● **PROVIDED MATERIAL**
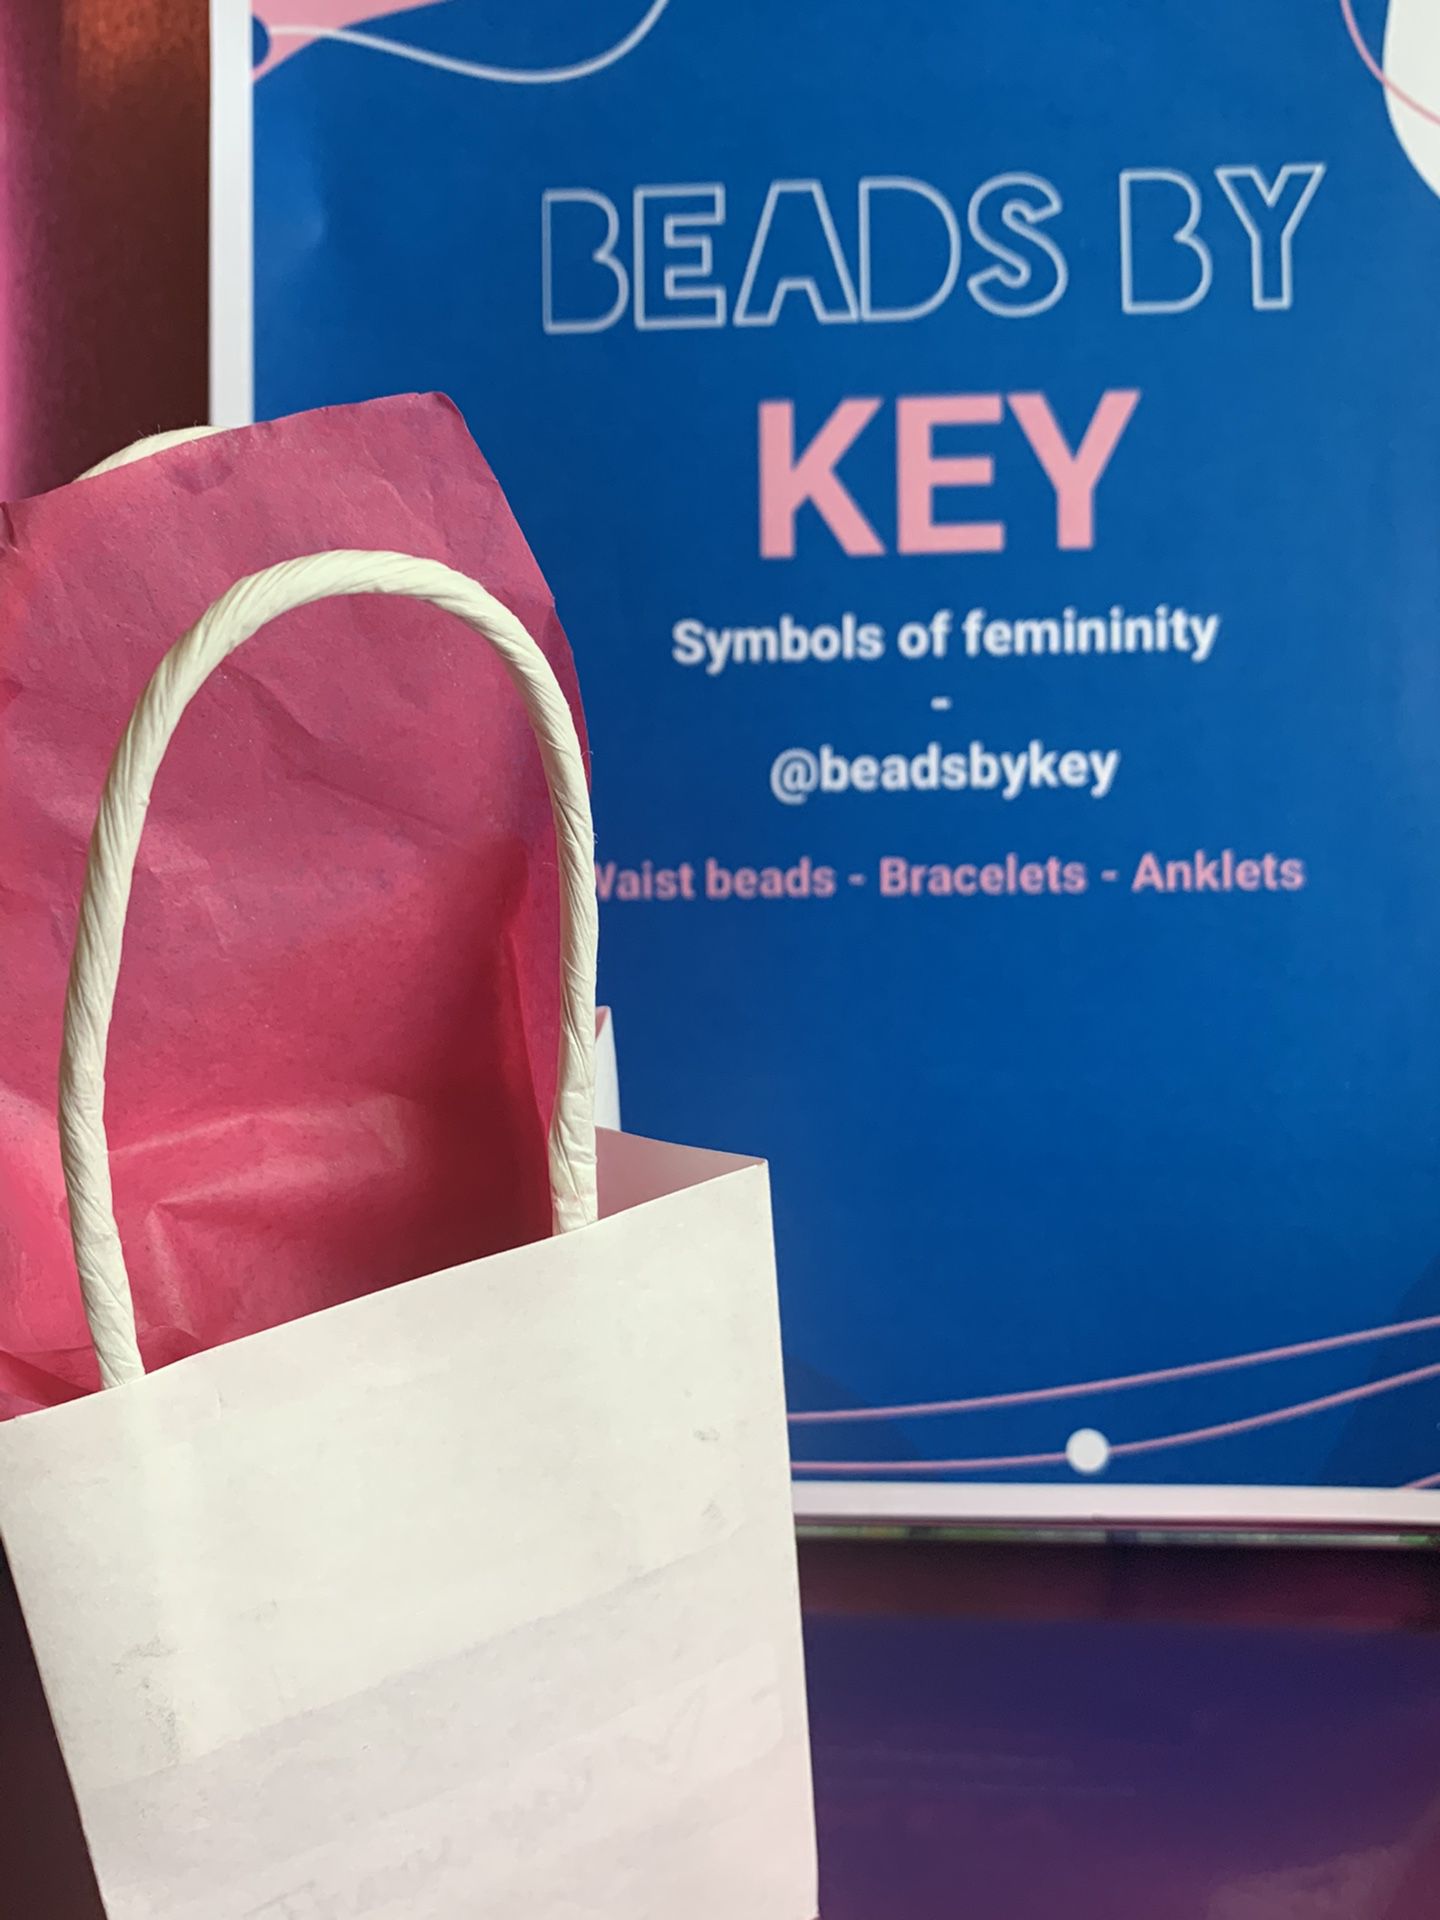 BEADS BY KEY! Waist beads - bracelets - anklets
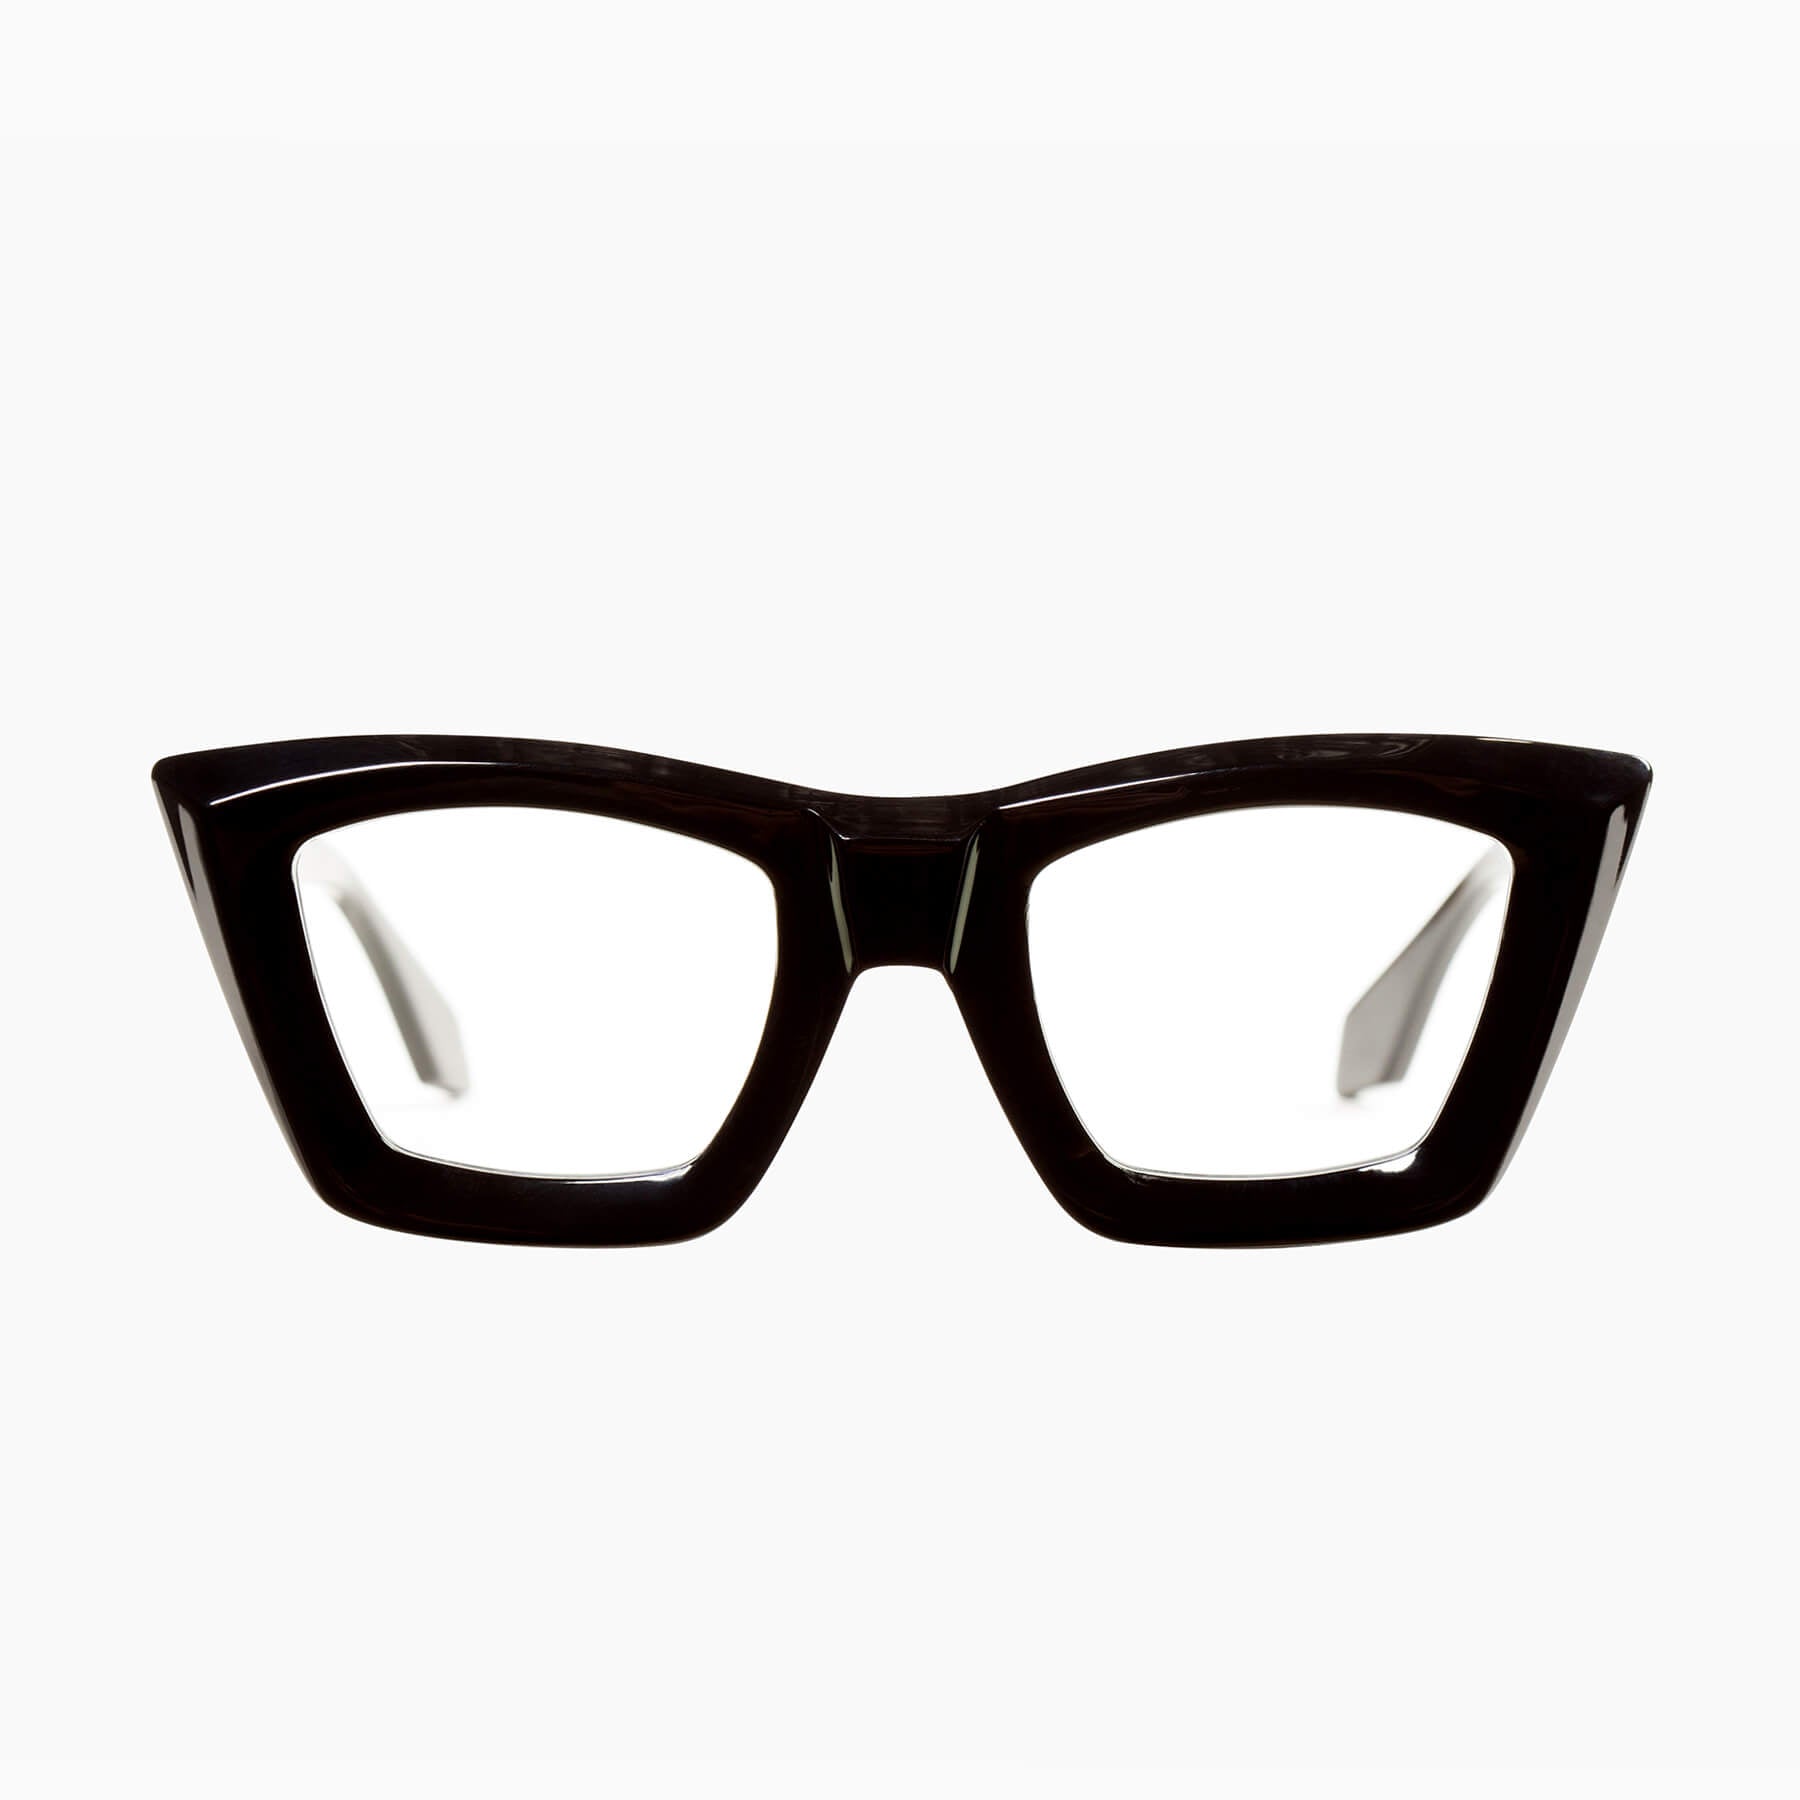 Eyeglass Frames Women Black, Thick Black Frame Glasses
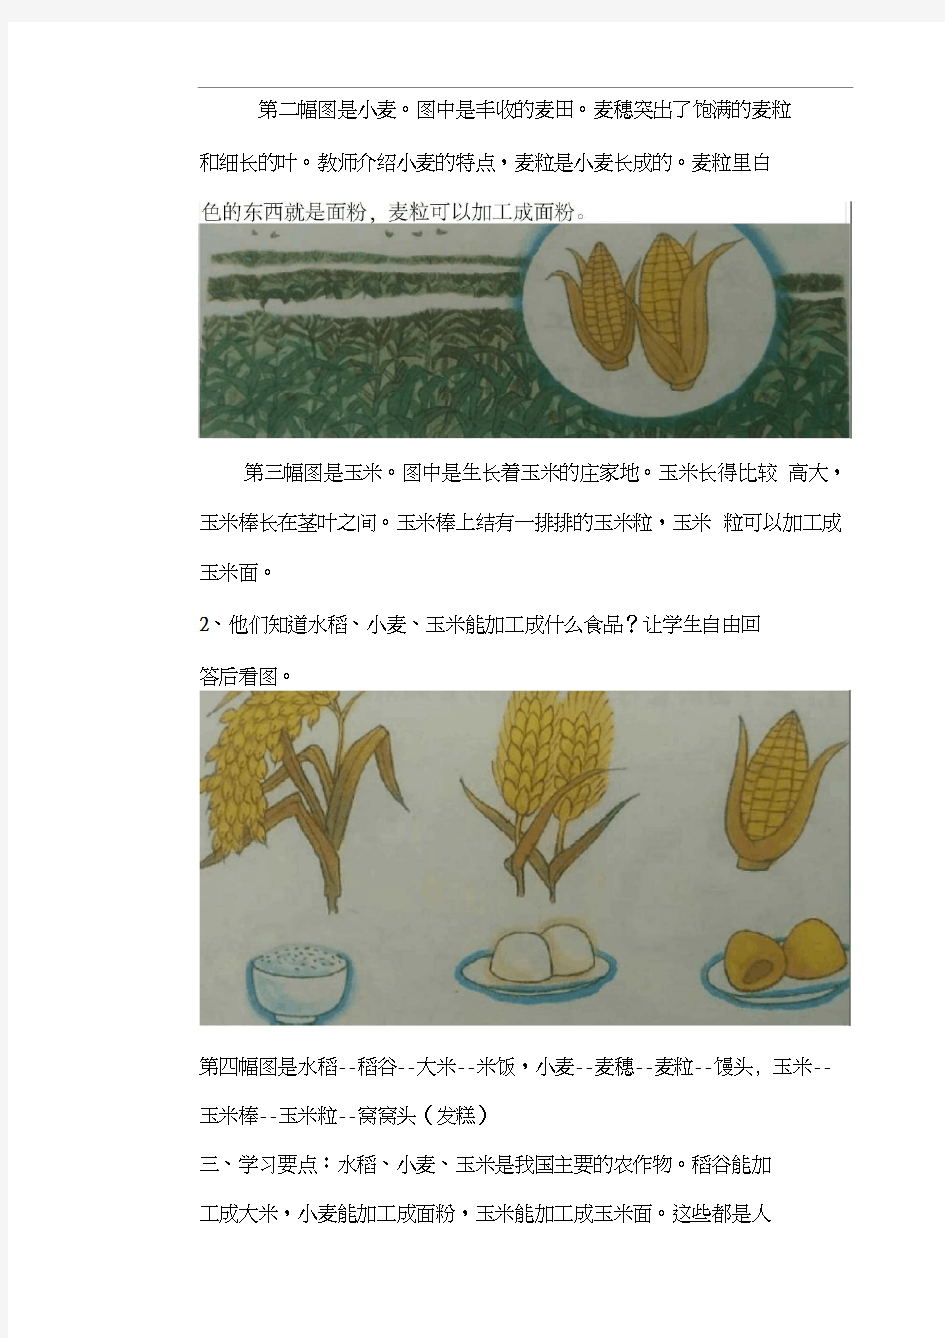 6水稻小麦玉米

● **THE PROBLEM**
Wherever a picture appears, omit it; copy the rest of the data exactly.

● **SOLUTION**
 BEADS BY KEY! Waist beads - bracelets - anklets
 Eyeglass Frames Women Black, Thick Black Frame Glasses
 6水稻小麦玉米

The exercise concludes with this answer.